Wer wissen möchte, ob er vielleicht schon suchtgefährdet ist, schaut einmal bei der Präventionshilfe vorbei.

Doch wie Luca und Mara ahnen inzwischen viele andere auch, dass sie ohne ständige Hashtags und Likes entspannter leben können. Oder sie sind überrascht von schönen Offline-Momenten – wie die Schüler aus Hamburg. Der erste Weg aus dem Dilemma: lernen, das Smartphone liegen zu lassen. Und warum sich dazu nicht von Apps unterstützen lassen? Diese tragen so bezeichnende Namen wie Checky oder Moment und sie tracken gnadenlos, wie häufig man zum Smartphone greift. Sieht man das einmal direkt in Zahlen vor sich, ist das der erste Schritt zum bewussten Umgang mit dem Gerät.

Was ihr noch tun könnt

Verabredet euch einmal im Monat zu einem Digital-Detox-Tag
An diesem Tag bleibt – egal ob in der Familie oder im Freundeskreis – das Smartphone ausgeschaltet. Stattdessen darf sich jeder im Wechsel eine Aktion überlegen, die alle zusammen an diesem Tag unternehmen: vielleicht inlineskaten auf dem Deich, gemeinsam Level 7 im Kletterwald schaffen und im Winter einen Nachmittag auf dem zugefrorenen See verbringen – mit Eishockeyschläger oder Glühwein. Oder ihr werdet kreativ und bemalt in einer Porzellanwerkstatt Geschirr in euren Lieblingsfarben.

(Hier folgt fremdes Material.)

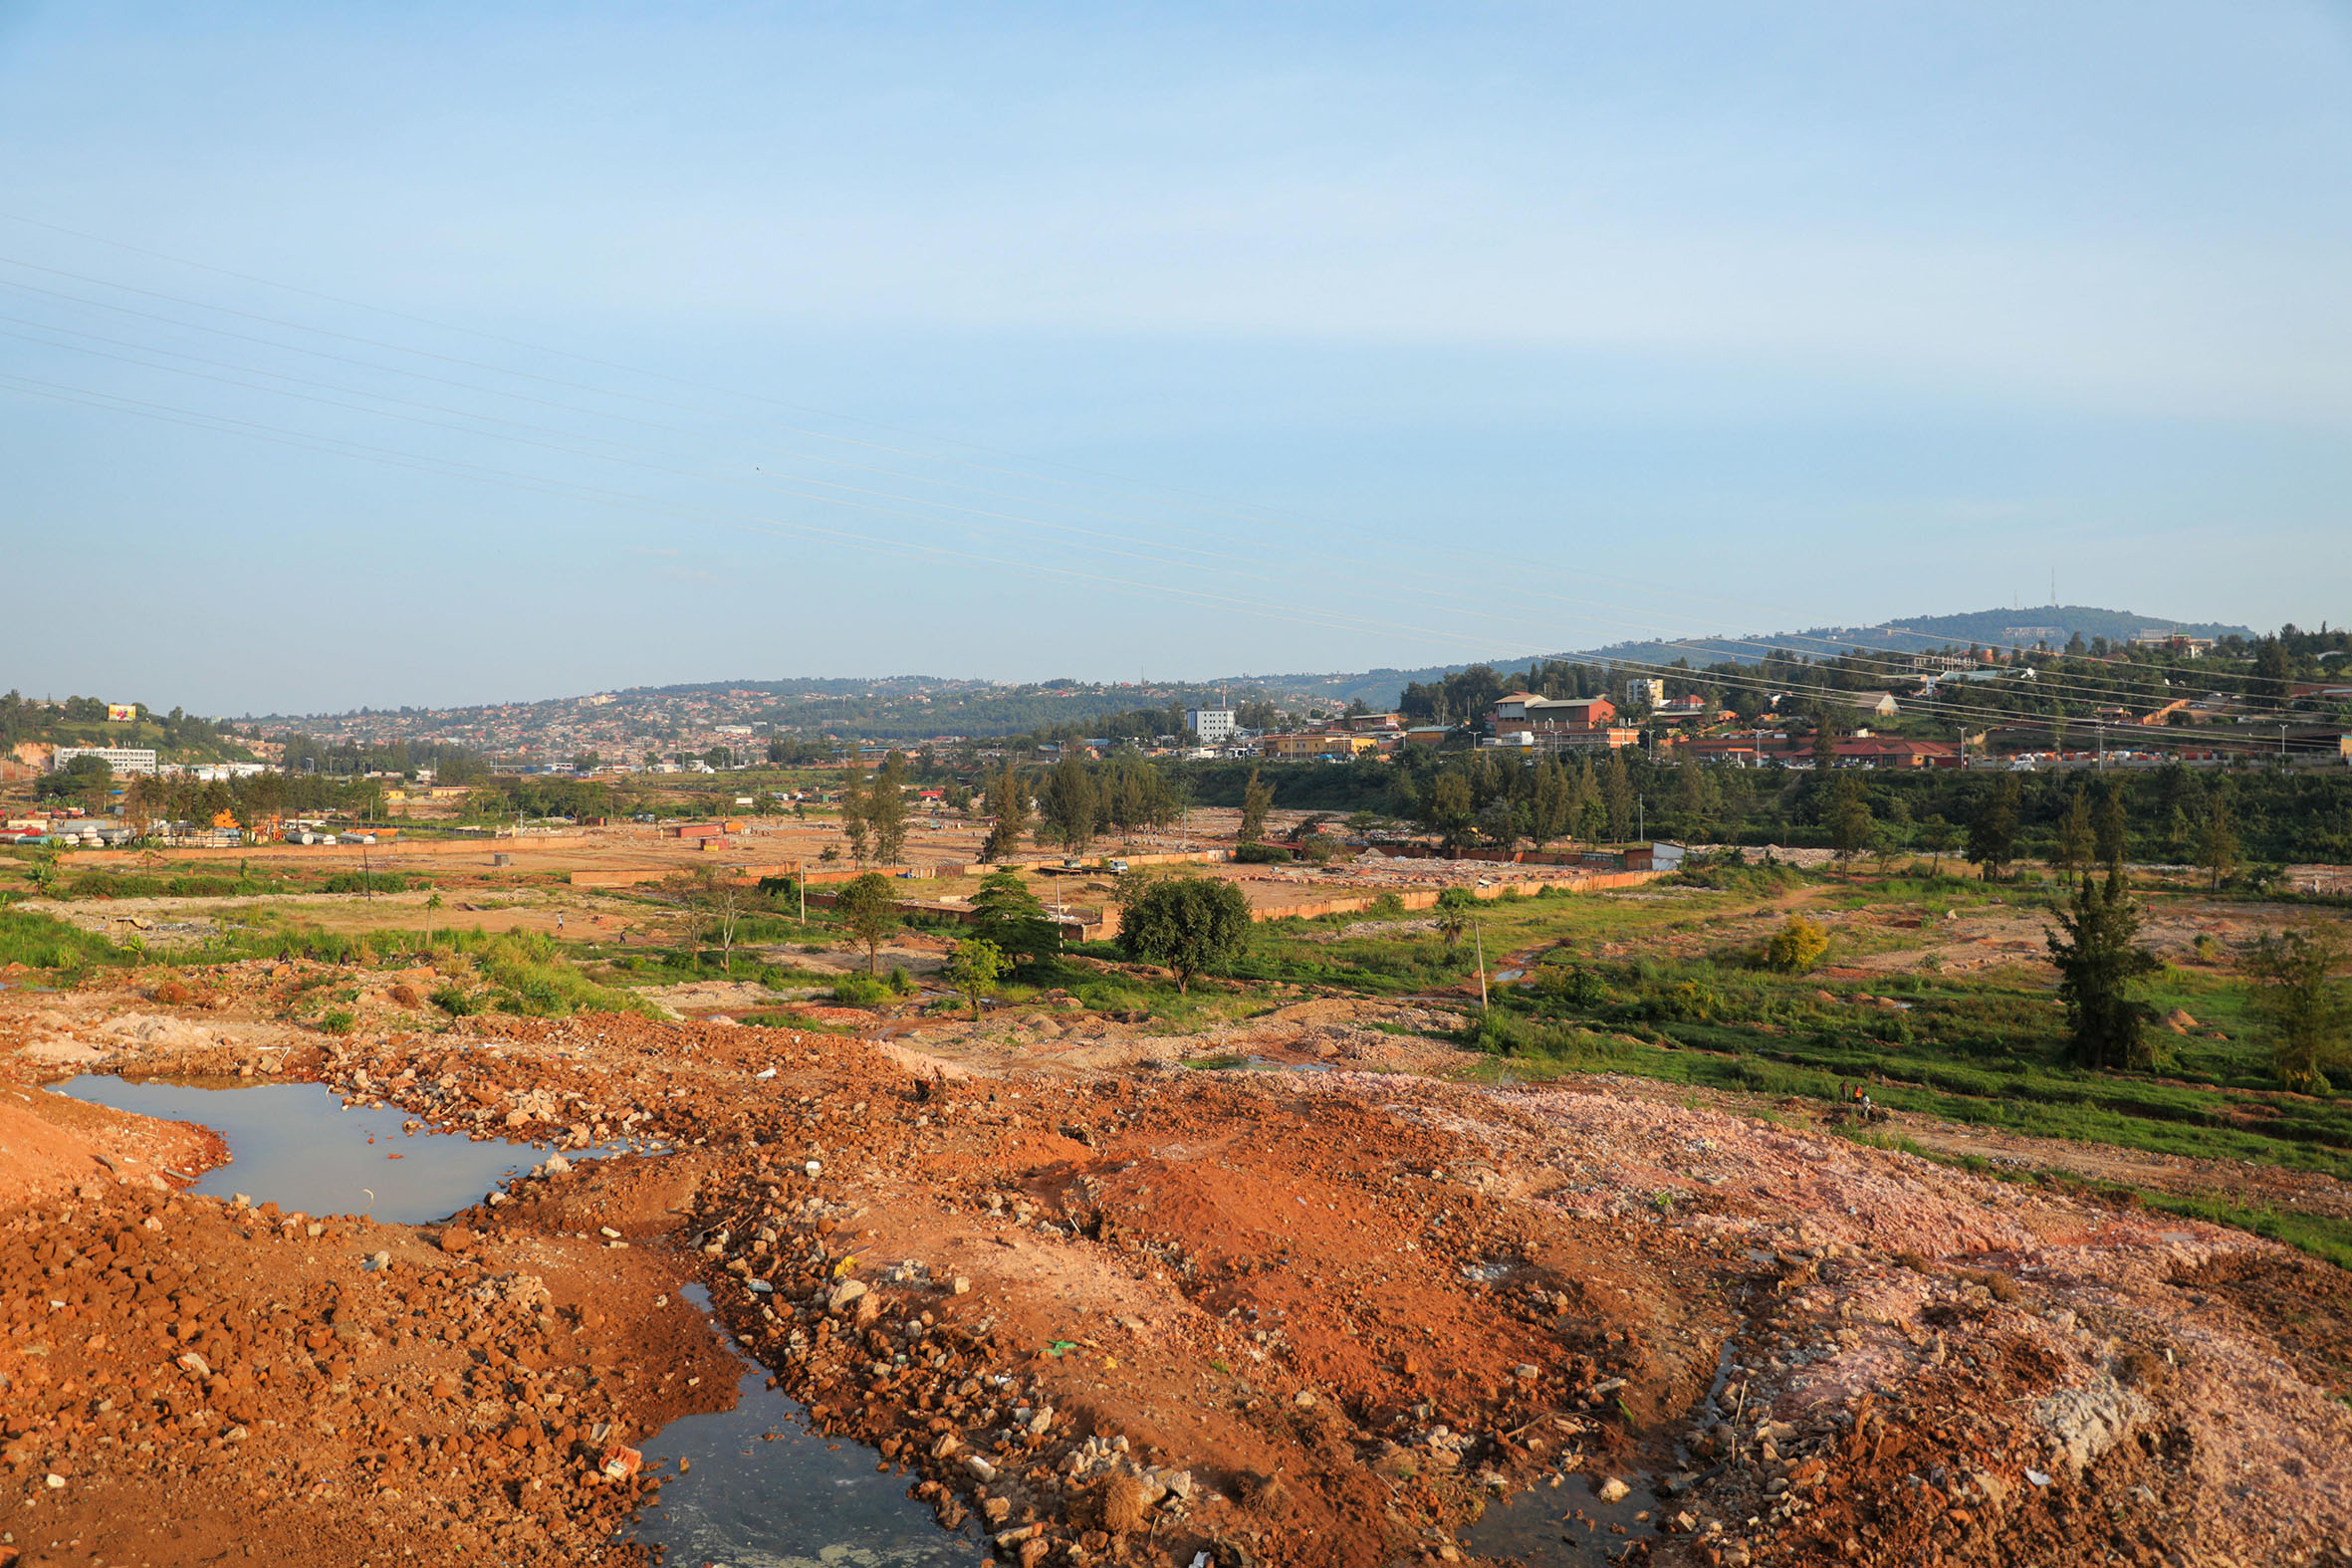 A landscape view of former Gikondo industrial park after demolishing properties to conserve wetlands in Kigali in 2020. Under the Kigali City Wetland Master Plan, 3,888 hectares are reserved for conservation. According to the new study, the city has about 37 interconnected wetlands with a total area of about 9,160 hectares. 
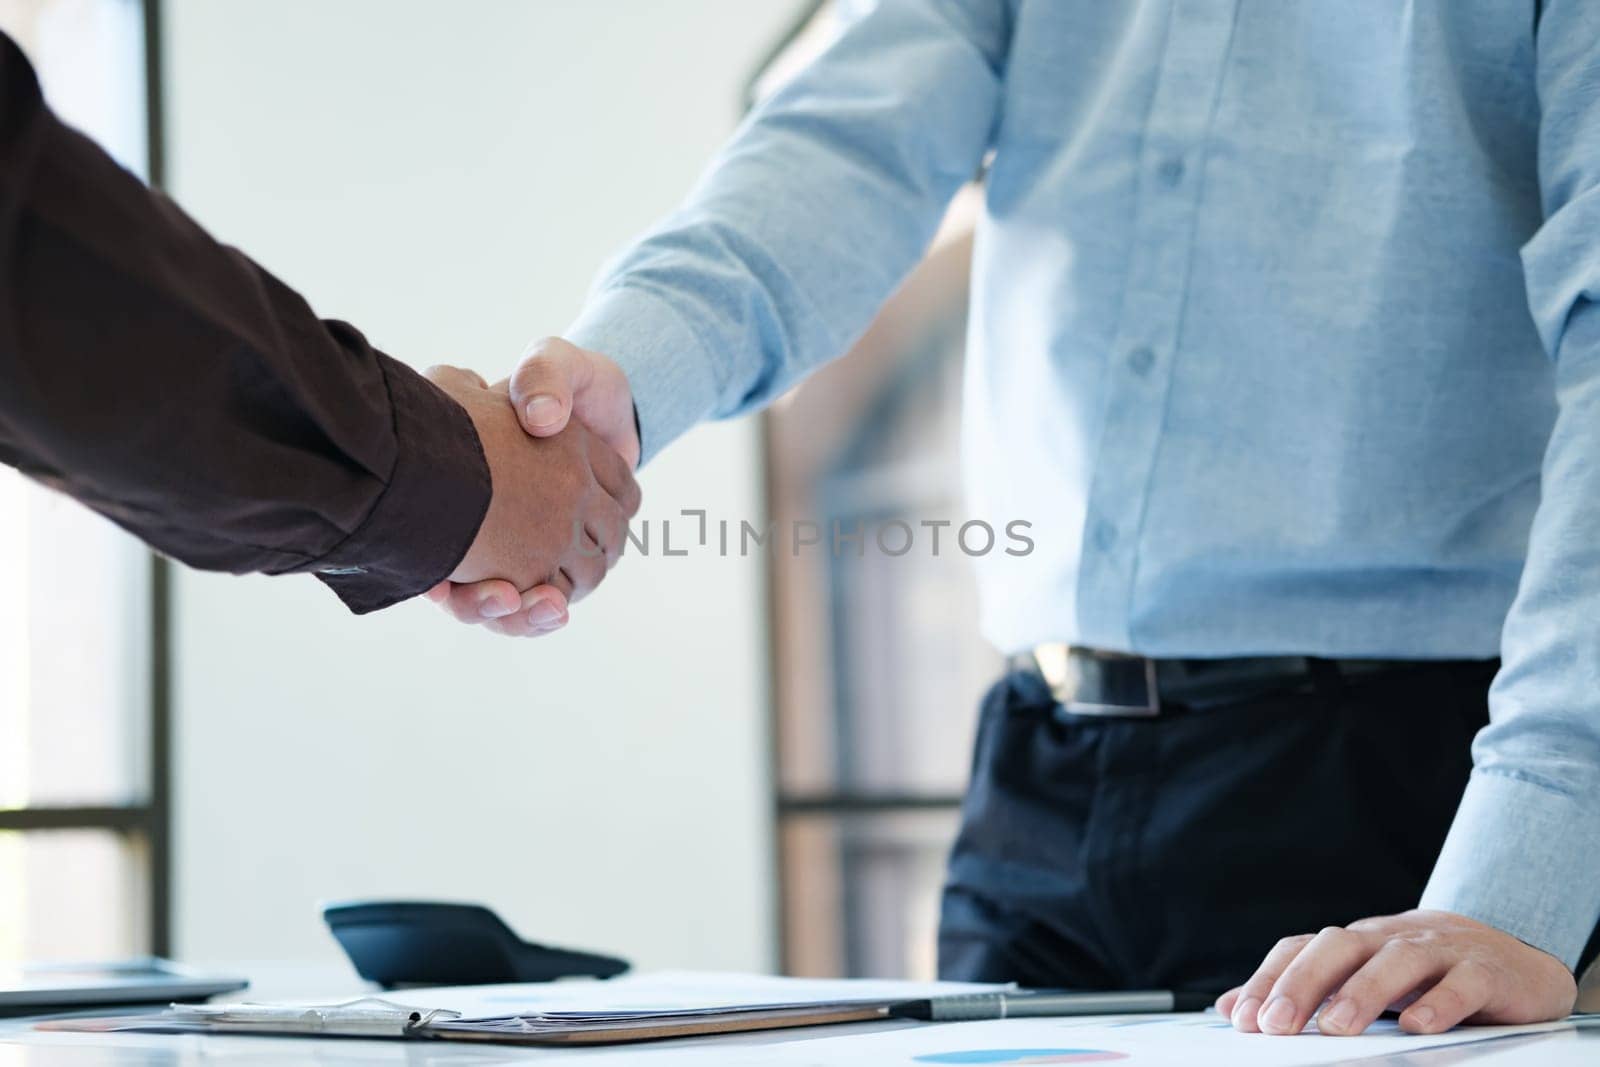 The business deal was successful and businessmen shake hands and congratulate each other.

Für die ganz Harten: ab ins Digital Detox Camp
Der Trend kommt aus Kalifornien, doch findet er auch hier immer mehr Anklang: In Digital Detox Camps zahlt man Geld dafür, offline zu gehen. Zwei Tage lang sind Mailen, Telefonieren, Chatten und Twittern ausdrücklich verboten. Stattdessen gibt es viele Tipps für einen bewussteren Umgang mit dem Leben – gemeinsames Kochen und Spielen inklusive.